---------- Material provided ----------

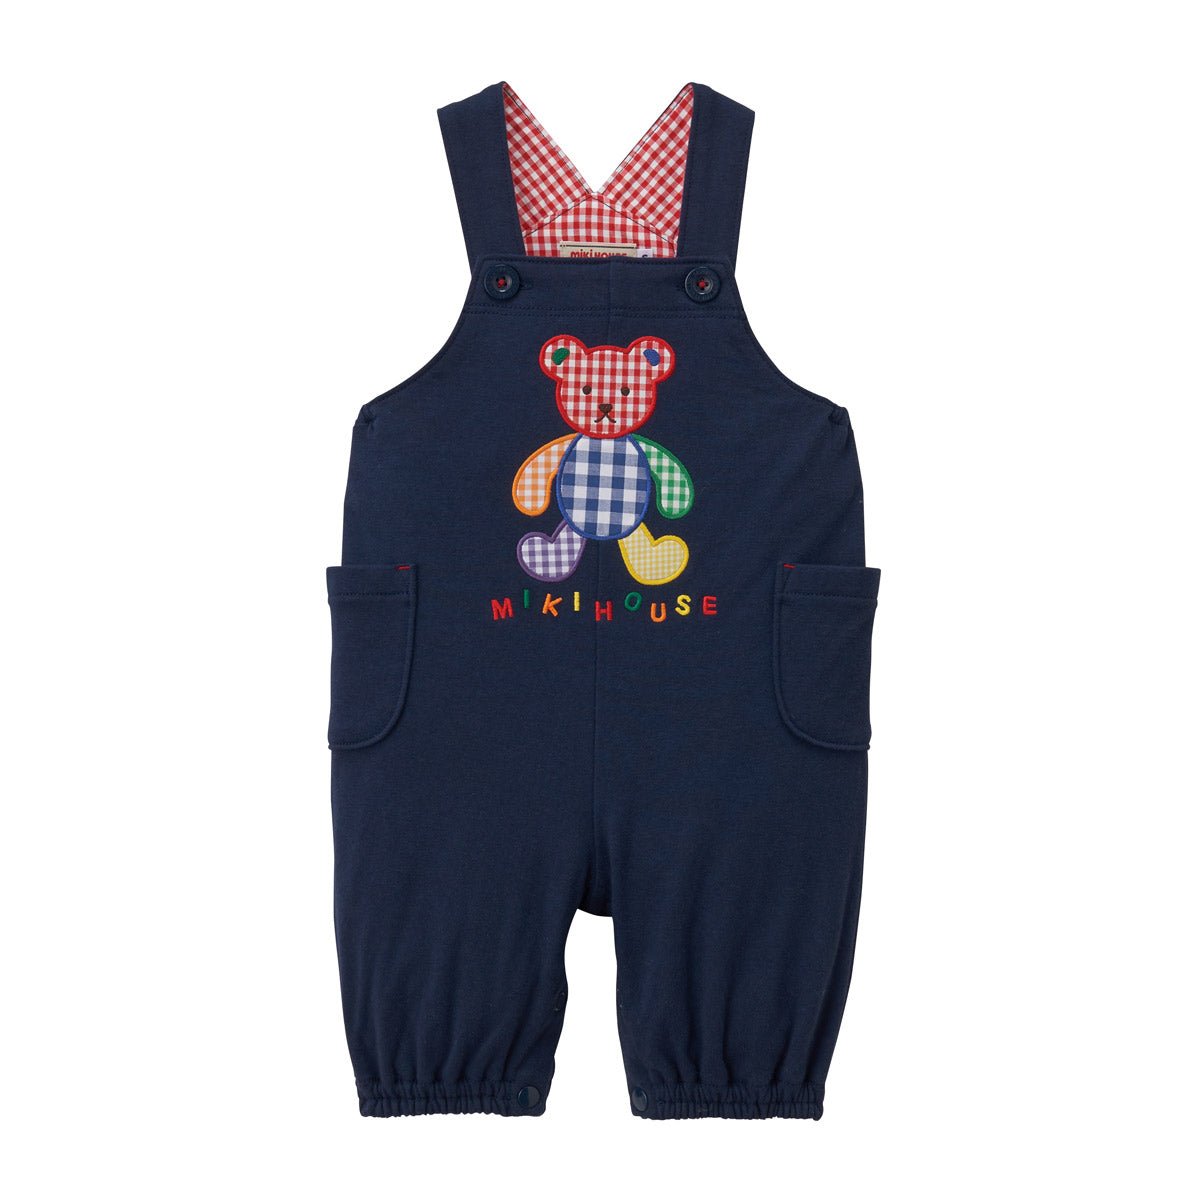 Gingham Teddy Overalls - 10-3332-828-03-S
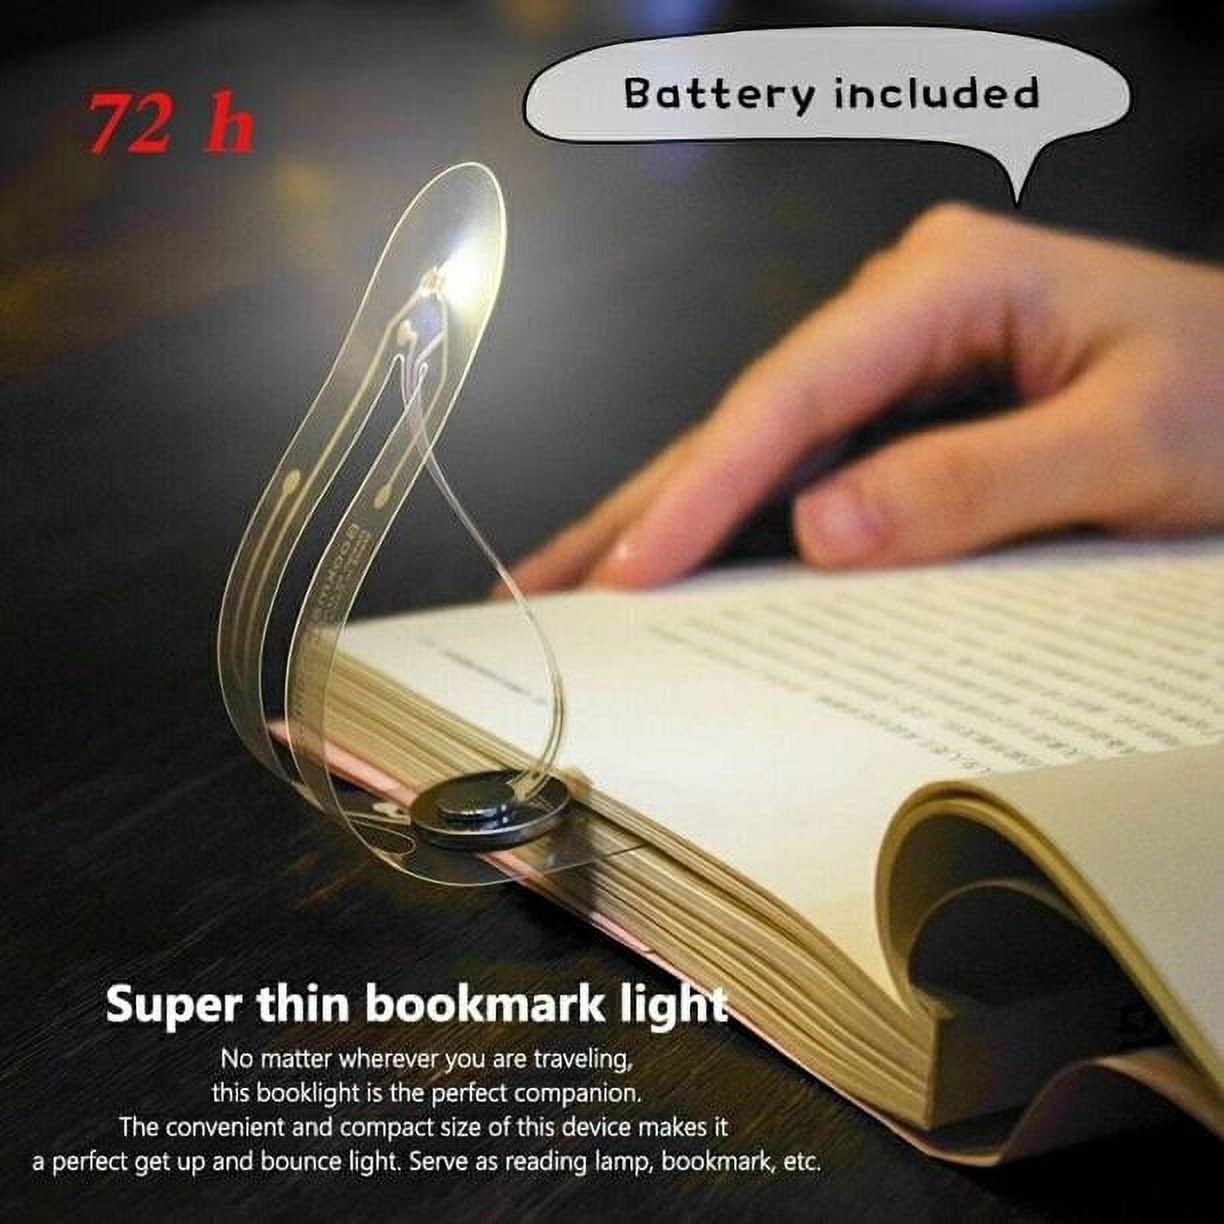 Simyoung Mini Book Light Ultra Bright Bookmark Night Lamp Flexible LED Book Reading Light Bedroom - image 1 of 5
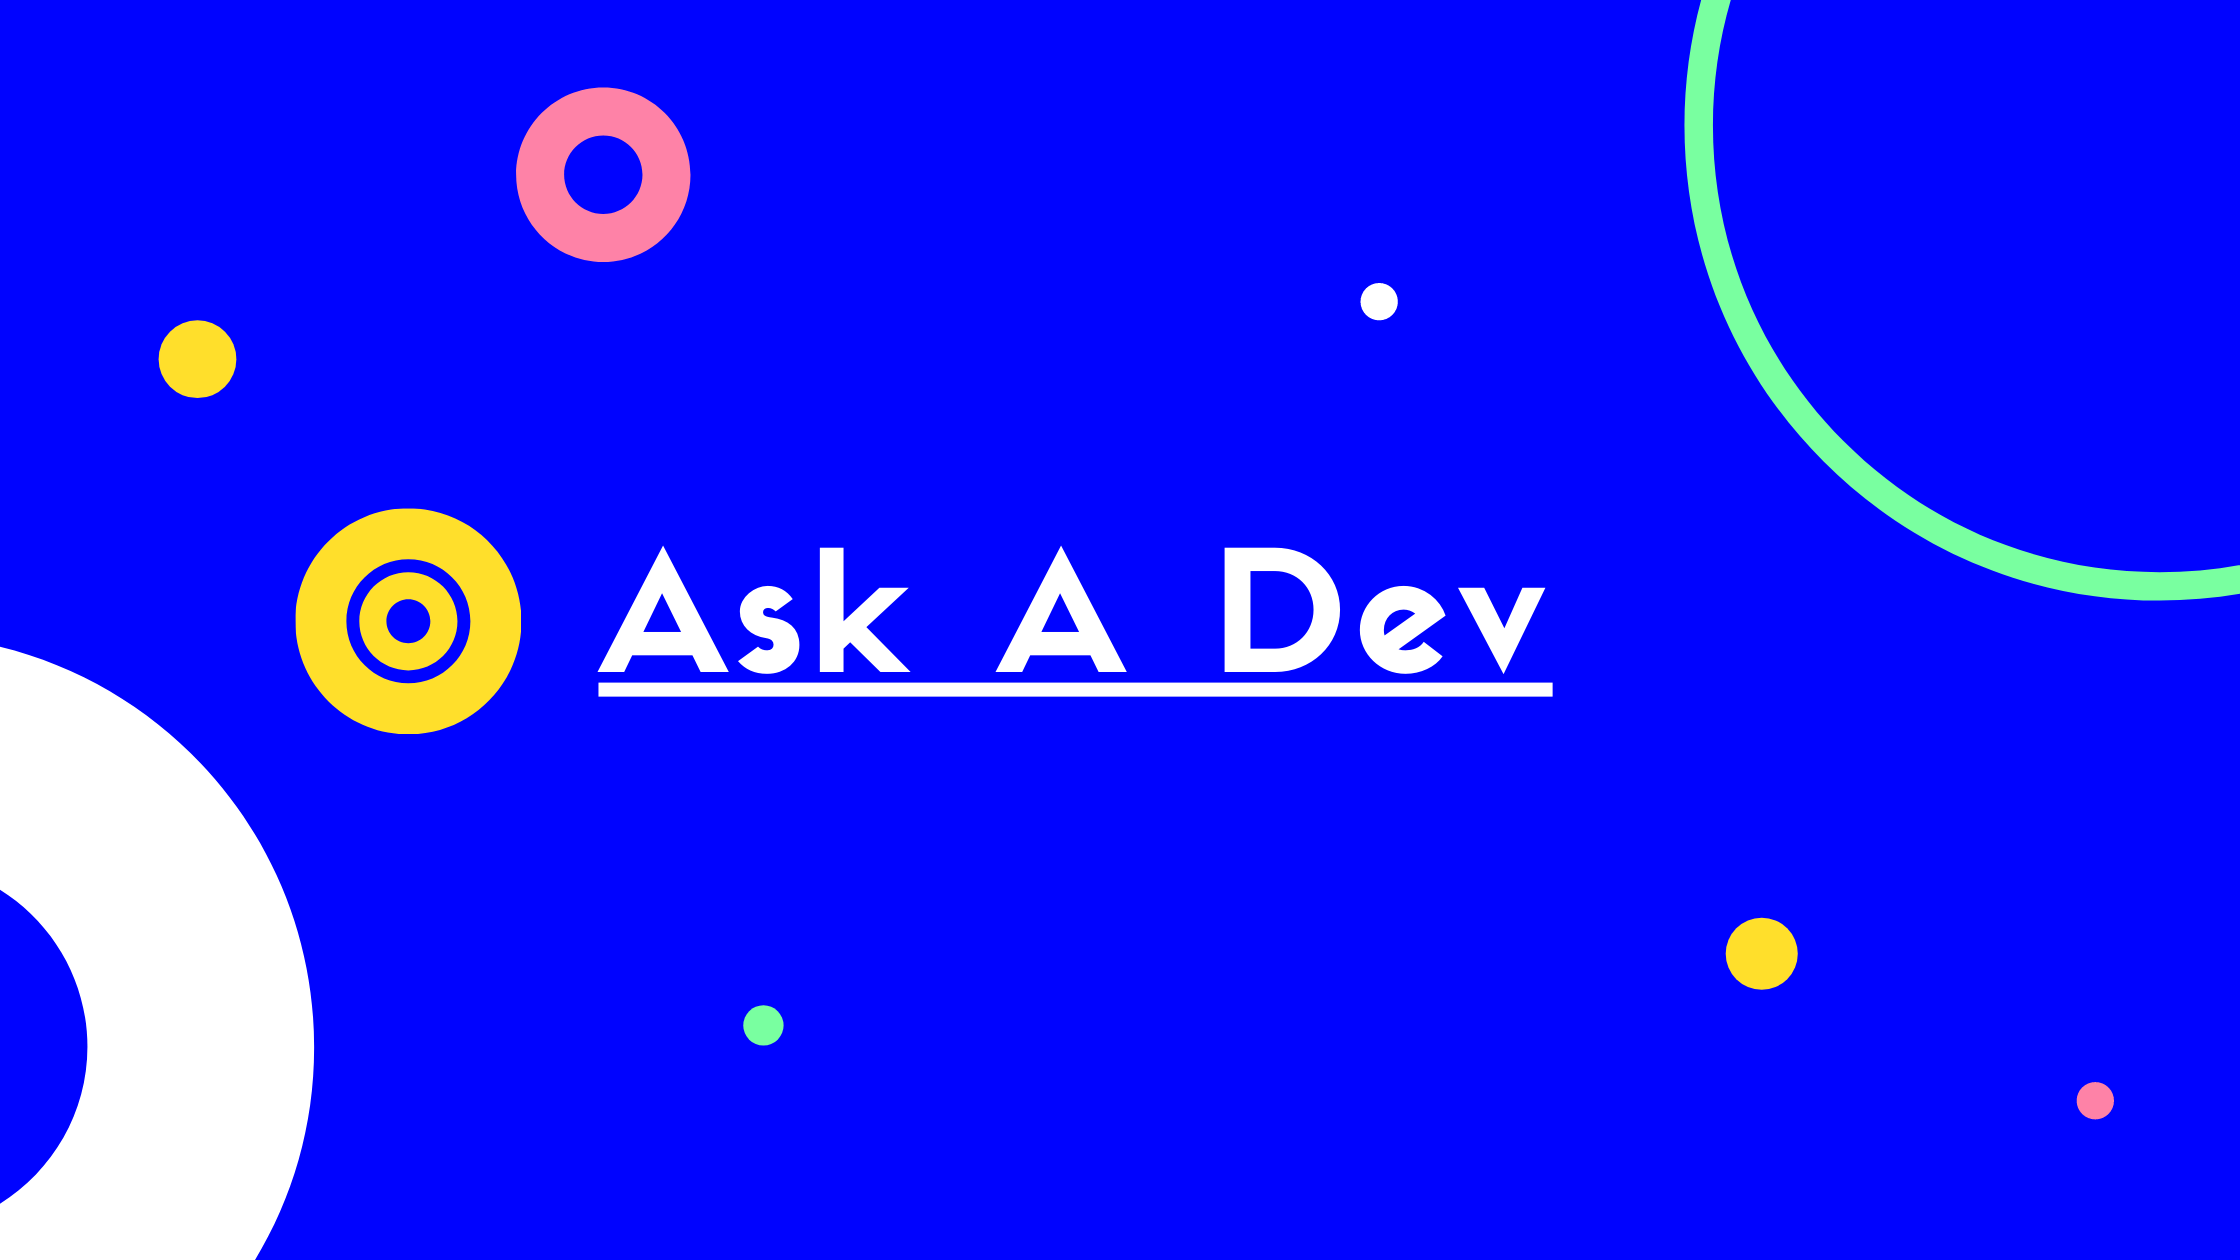 Image of the Ask A Dev

----------

- [Problem description] Leaving the pictures aside, write out only the lines from the one containing "Simyoung Mini Book" through the end of the material, exactly as they stand.

- [Answer to this exercise]
 Simyoung Mini Book Light Ultra Bright Bookmark Night Lamp Flexible LED Book Reading Light Bedroom - image 1 of 5
 Image of the Ask A Dev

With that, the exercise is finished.